DATA SECTION:
+---+
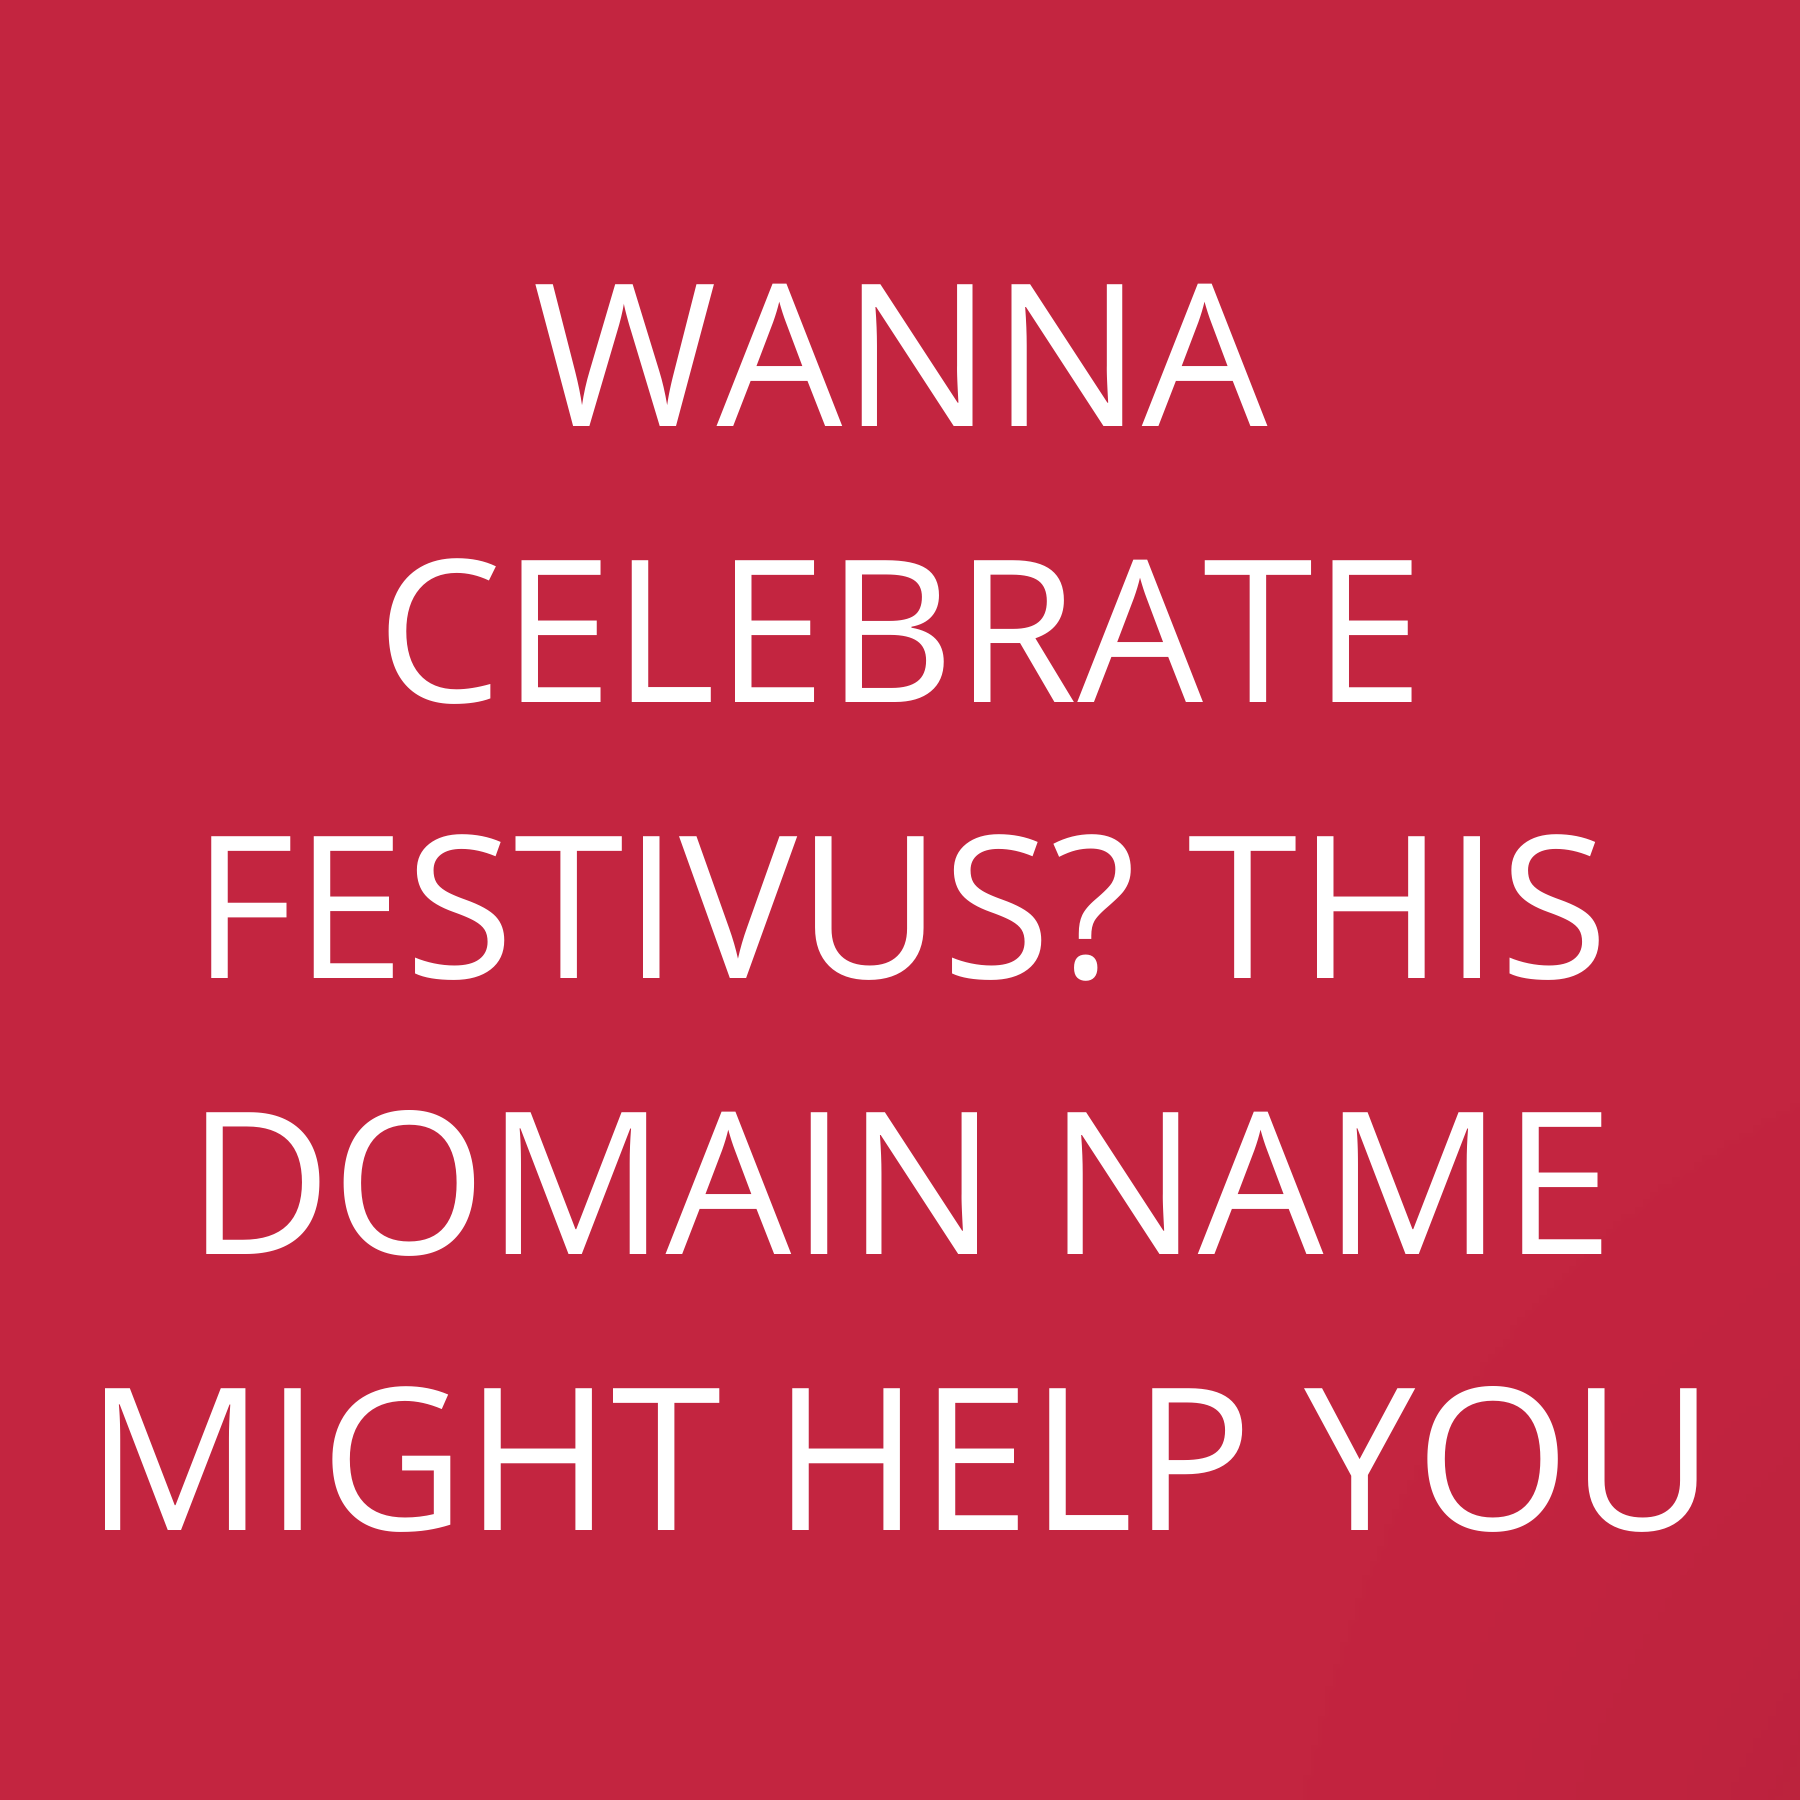 Wanna celebrate Festivus? This domain name might help you
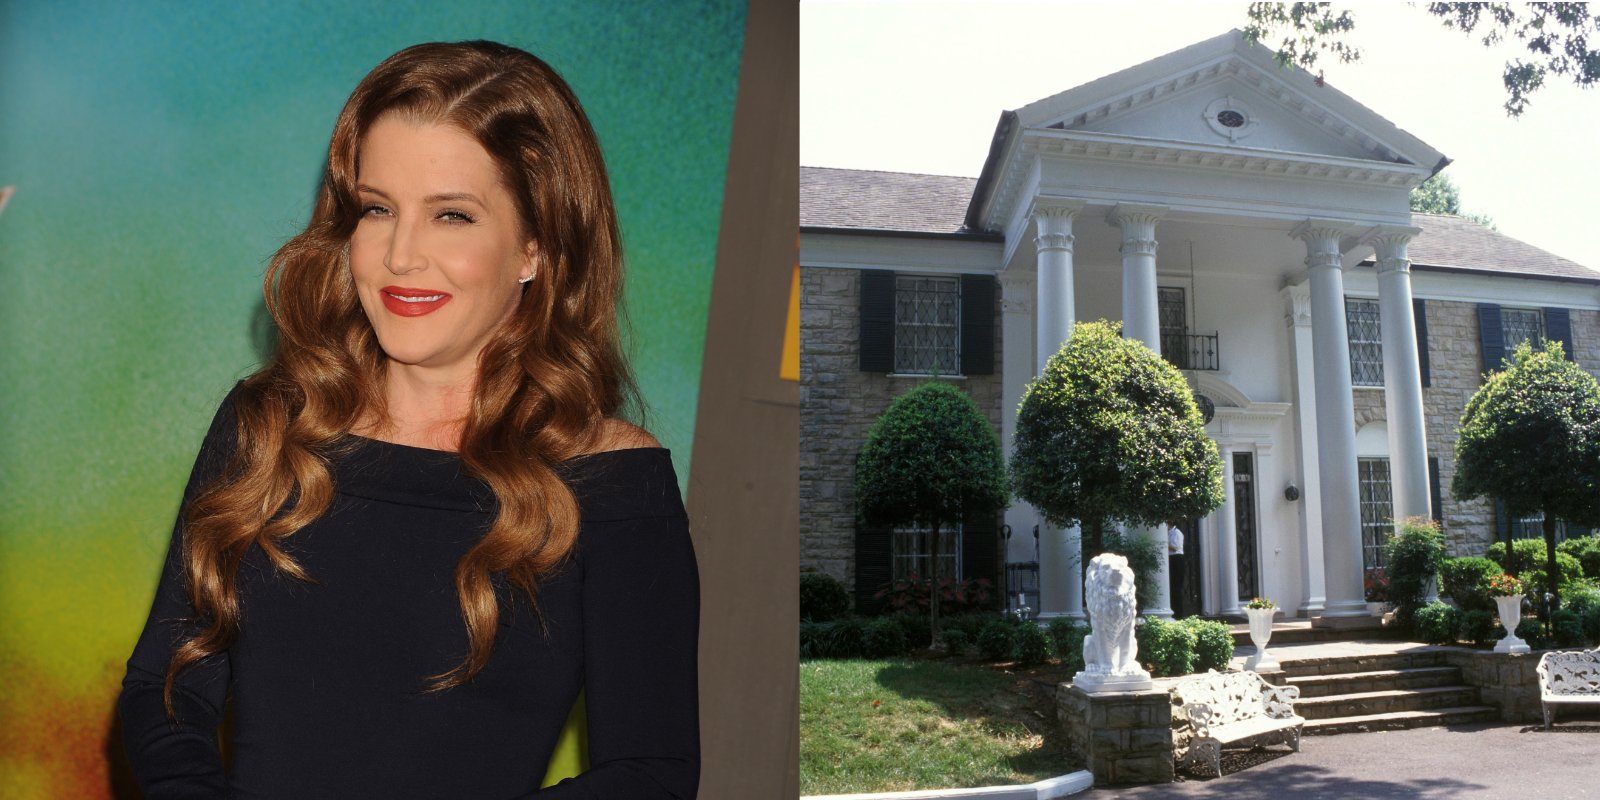 Lisa Marie Presley and a photo of Graceland mansion side by side.
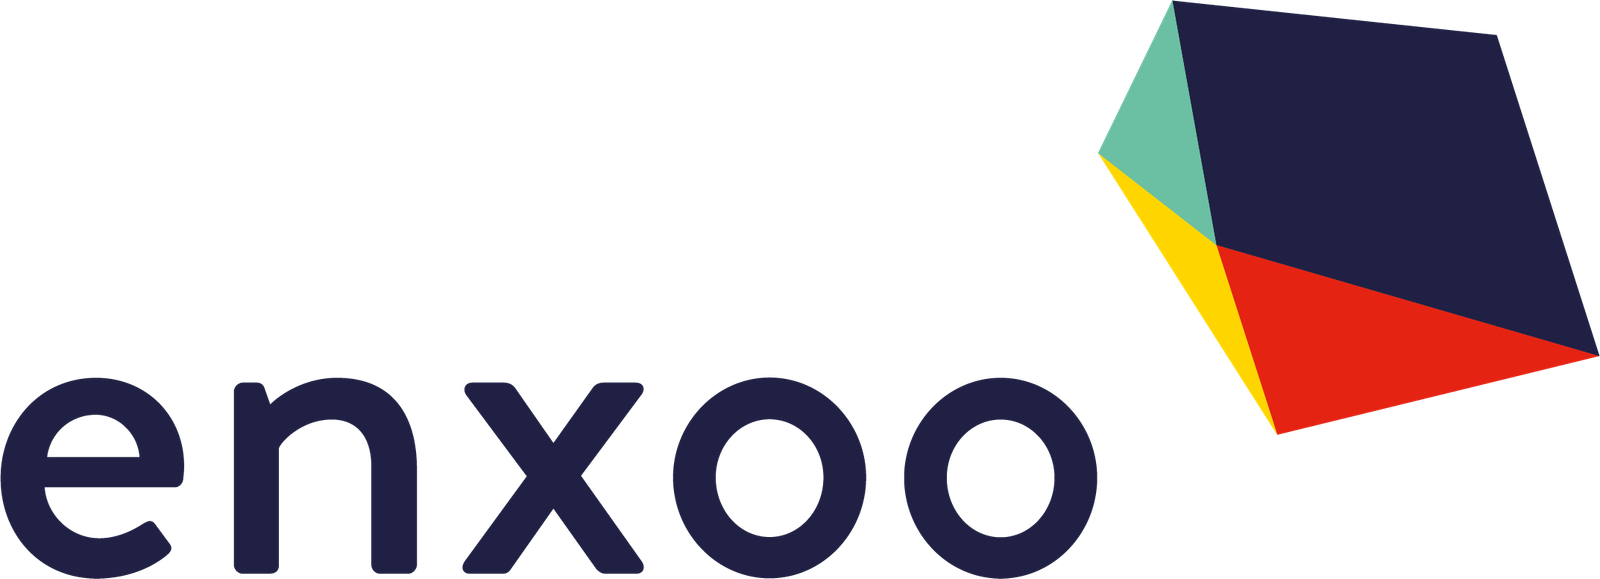 Enxoo Partners with LastMileXchange to Automate Processes
+---+
REQUIRED ACTION: Word for word, restate every line of the listing, omitting the pictures.

RESULT OF THE TASK:
 Wanna celebrate Festivus? This domain name might help you
 Lisa Marie Presley and a photo of Graceland mansion side by side.
 Enxoo Partners with LastMileXchange to Automate Processes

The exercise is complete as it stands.